Featured image for event-driven architecture.

In the fast-paced world of application development and deployment, monitoring plays a crucial role in ensuring the reliability and performance of applications. Red Hat OpenShift, a Kubernetes-based container platform, provides a robust environment for deploying and managing containerized applications. In this post, we'll explore how to set up effective application monitoring using Event-Driven Ansible automation and Alertmanager on OpenShift.

The process includes the following steps:

  1. Access the OpenShift cluster.
  2. Deploy the Quarkus application, Event-Driven Ansible, Prometheus, and Alertmanager.
  3. Test the Event-Driven Ansible functionality.

Why Event-Driven Ansible matters

Traditional Ansible playbooks are typically executed on a schedule or triggered manually. In contrast, an event-driven approach enables Ansible to respond to specific events, such as alterations in the infrastructure or the deployment of a new application. This facilitates a more dynamic and responsive automation process. 

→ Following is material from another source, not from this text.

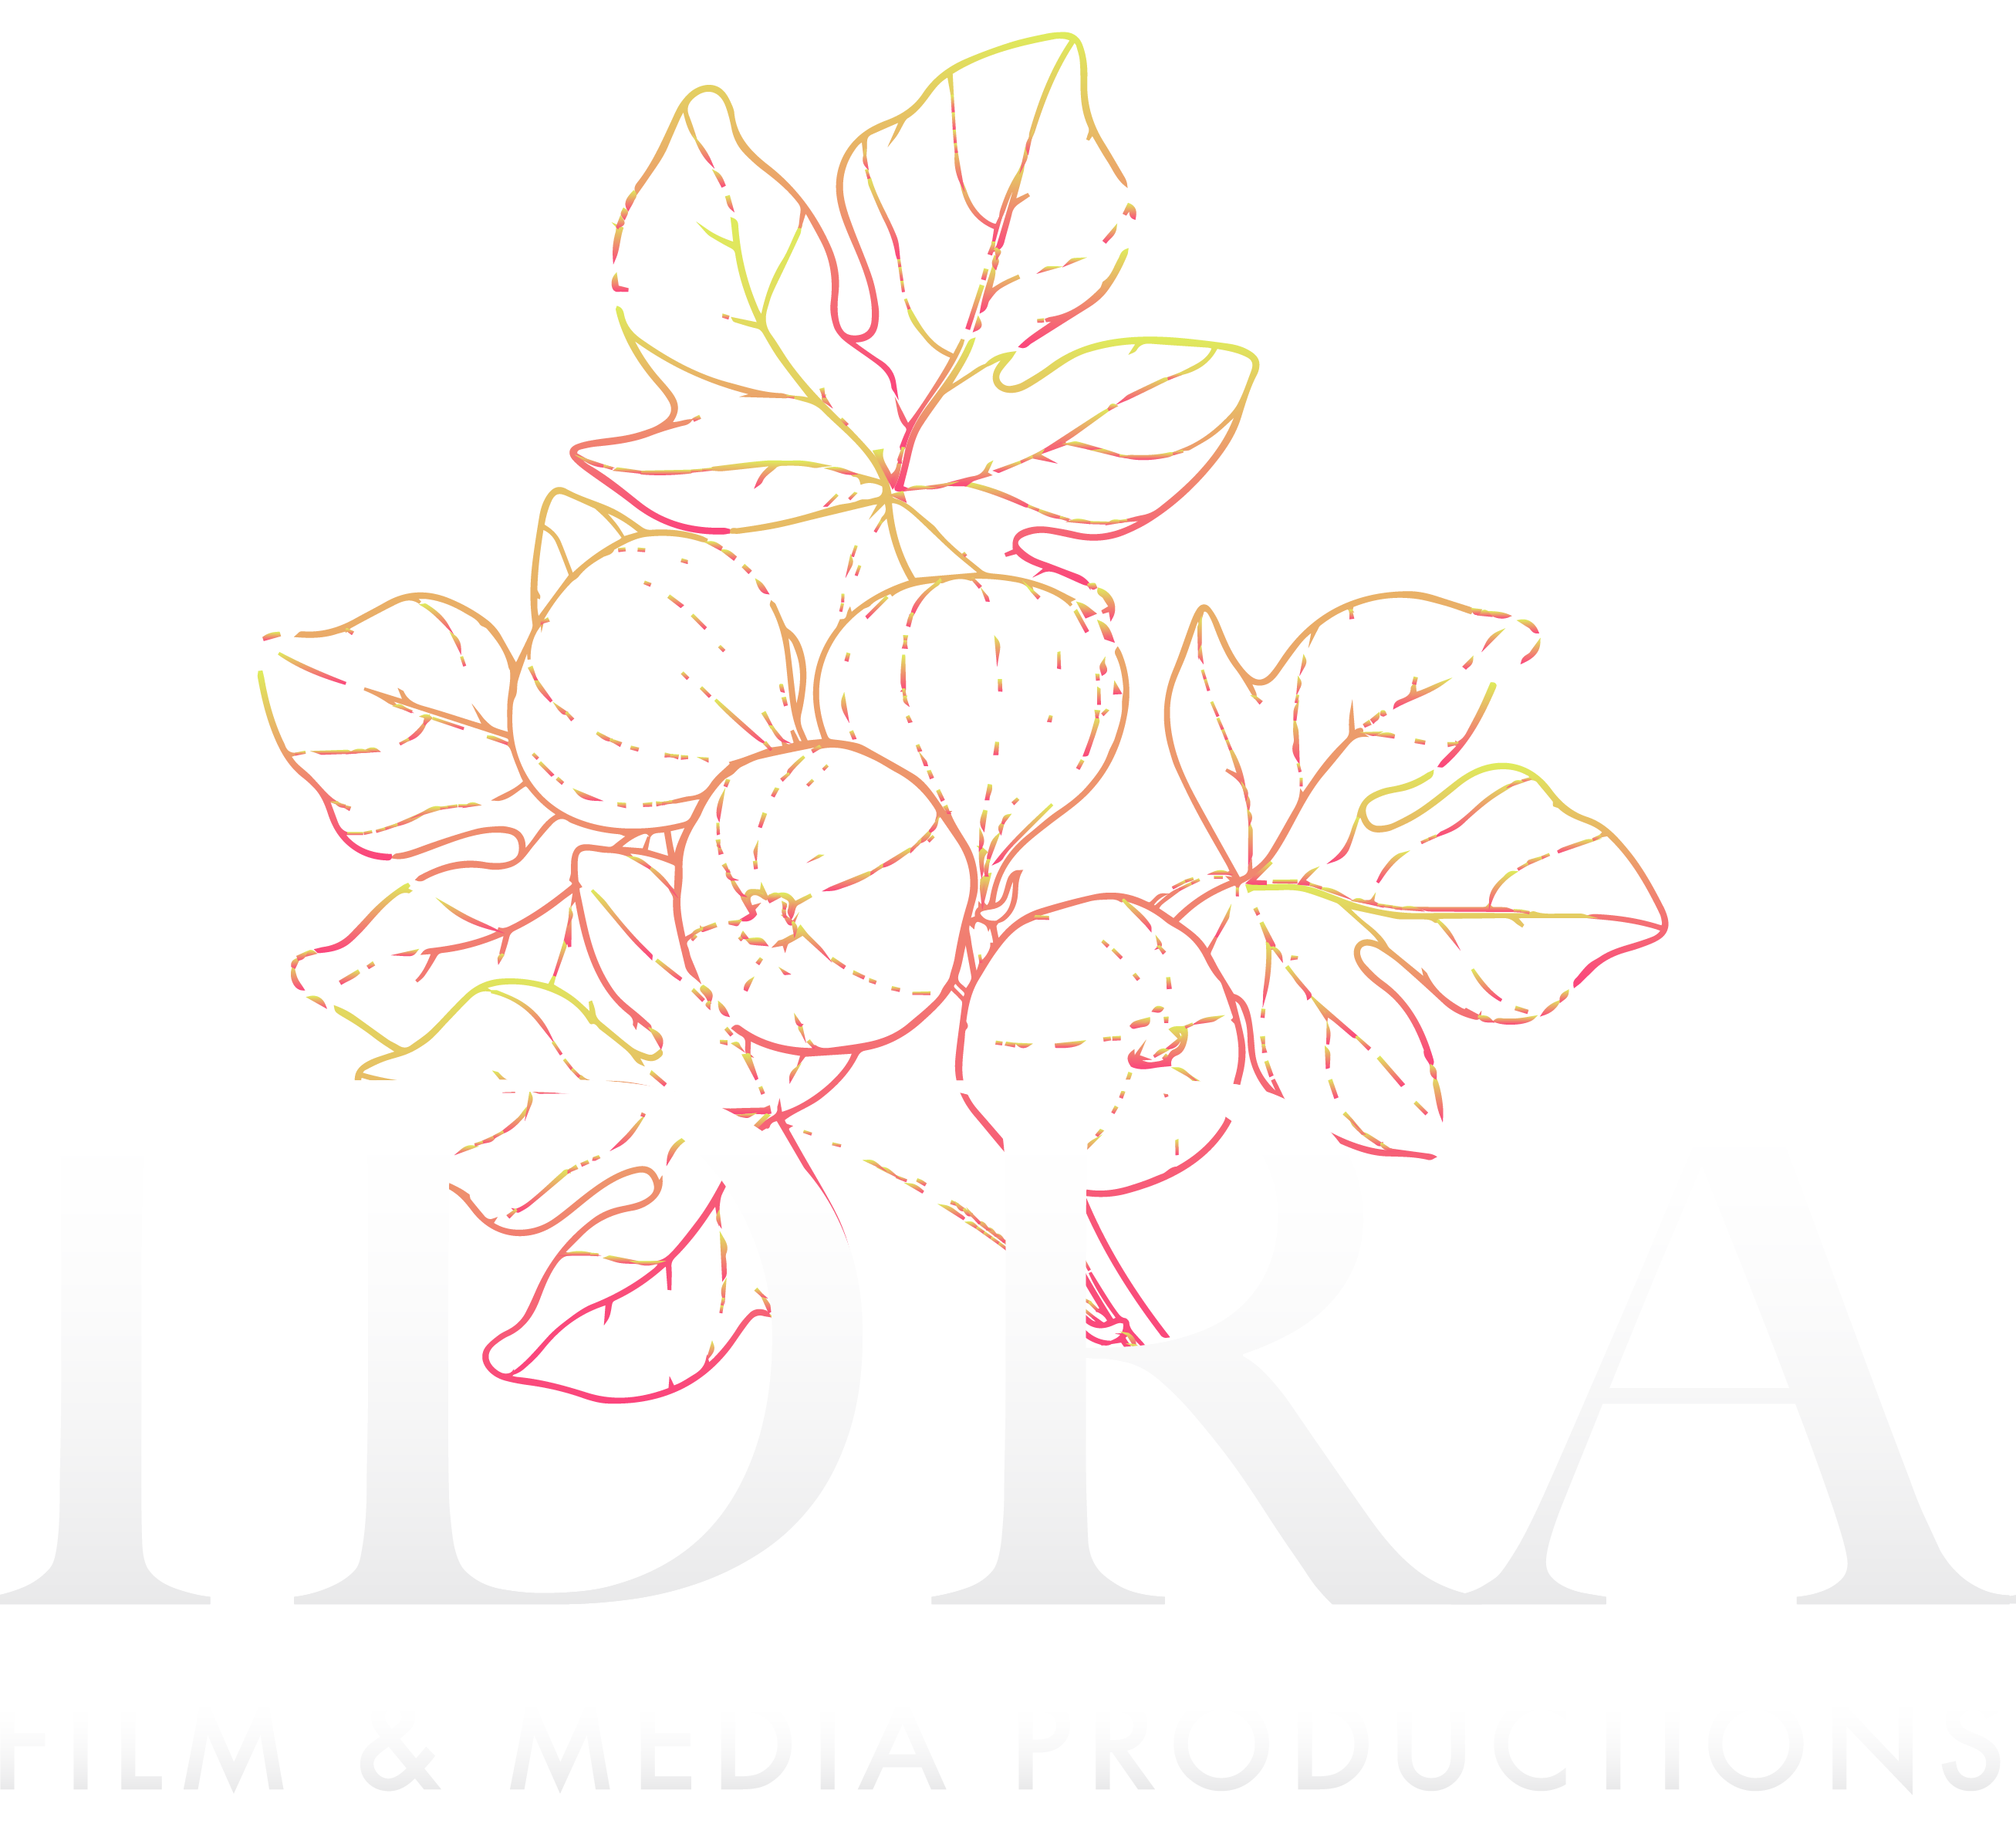 IDRA Productions
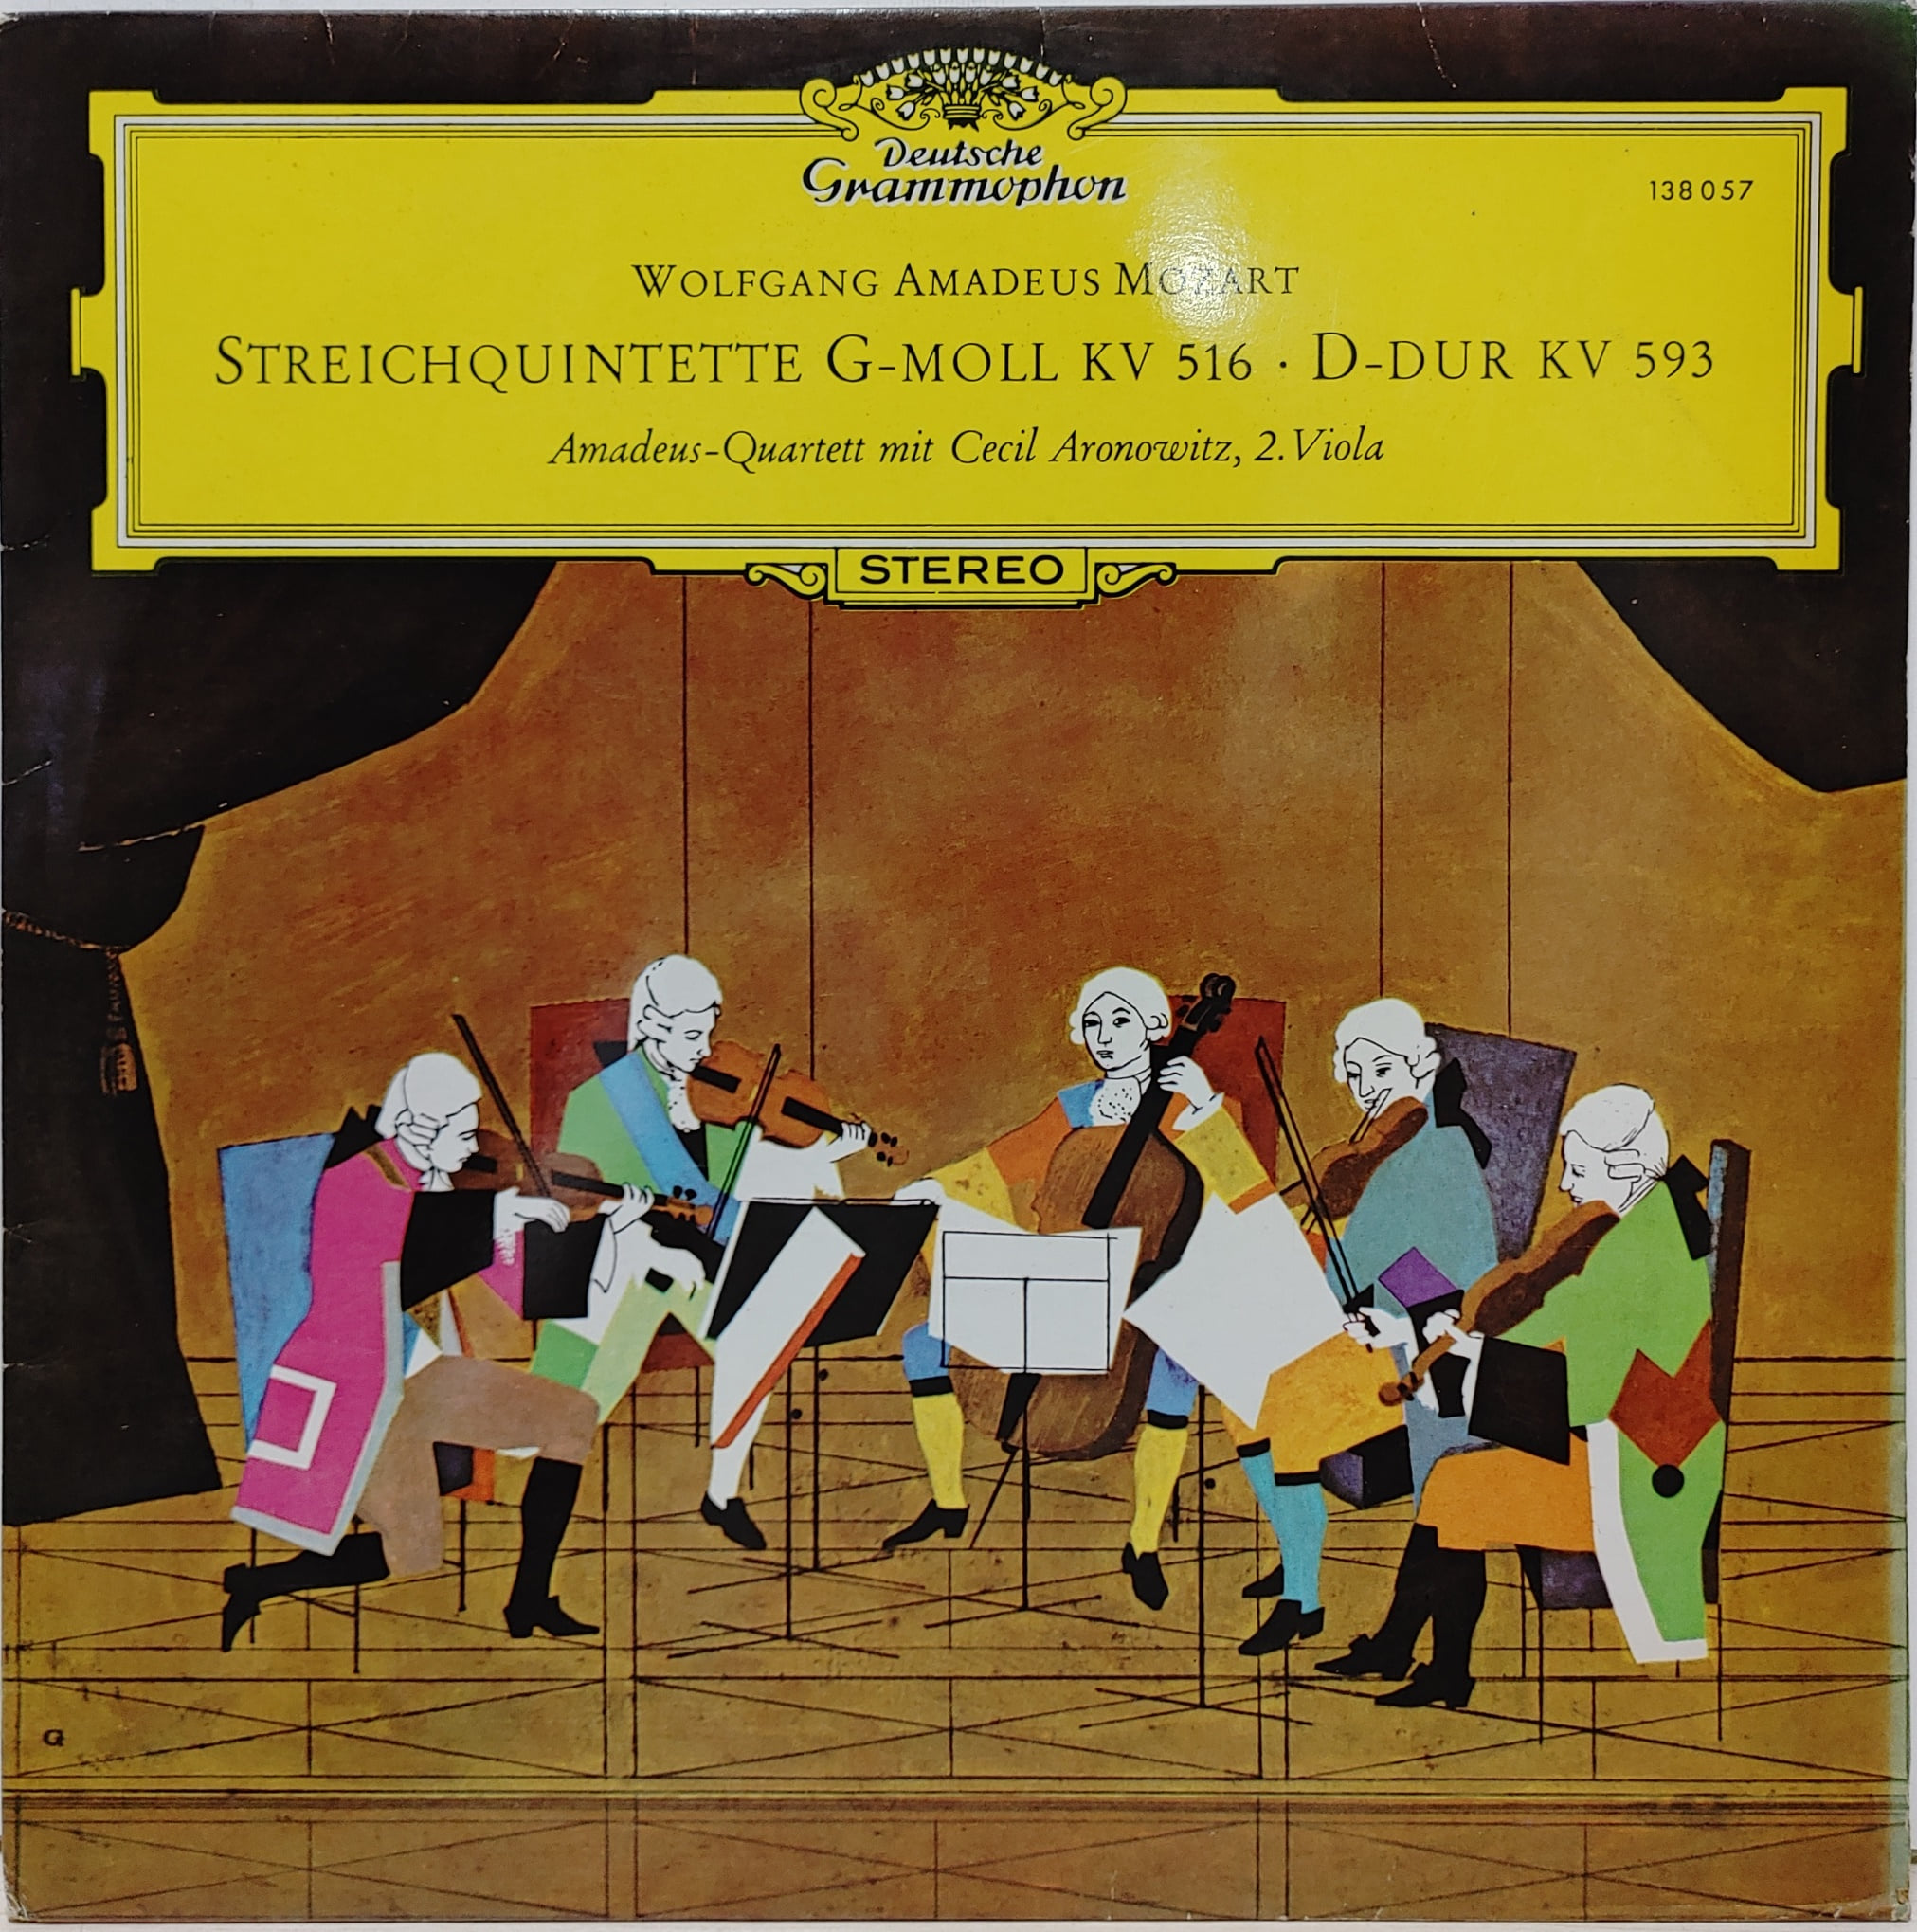 Mozart / Streichquintette G-moll KV 516 D-dur KV 593 Amadeus Quartet

The fundamental principle of event-driven automation follows the source-rule-action formula, and its blueprint is maintained in the rulebook.yml.

Prerequisites

  • OpenShift or Kubernetes cluster.
  • Admin access to the cluster.
  • Knowledge of following components:

1. Access the OpenShift cluster

To access the cluster, log in using the command provided below in the command-line interface (CLI):

$ oc login --token=<token> --server=https://api.crc.testing:6443

After successful login, you will find yourself in the default namespace/project.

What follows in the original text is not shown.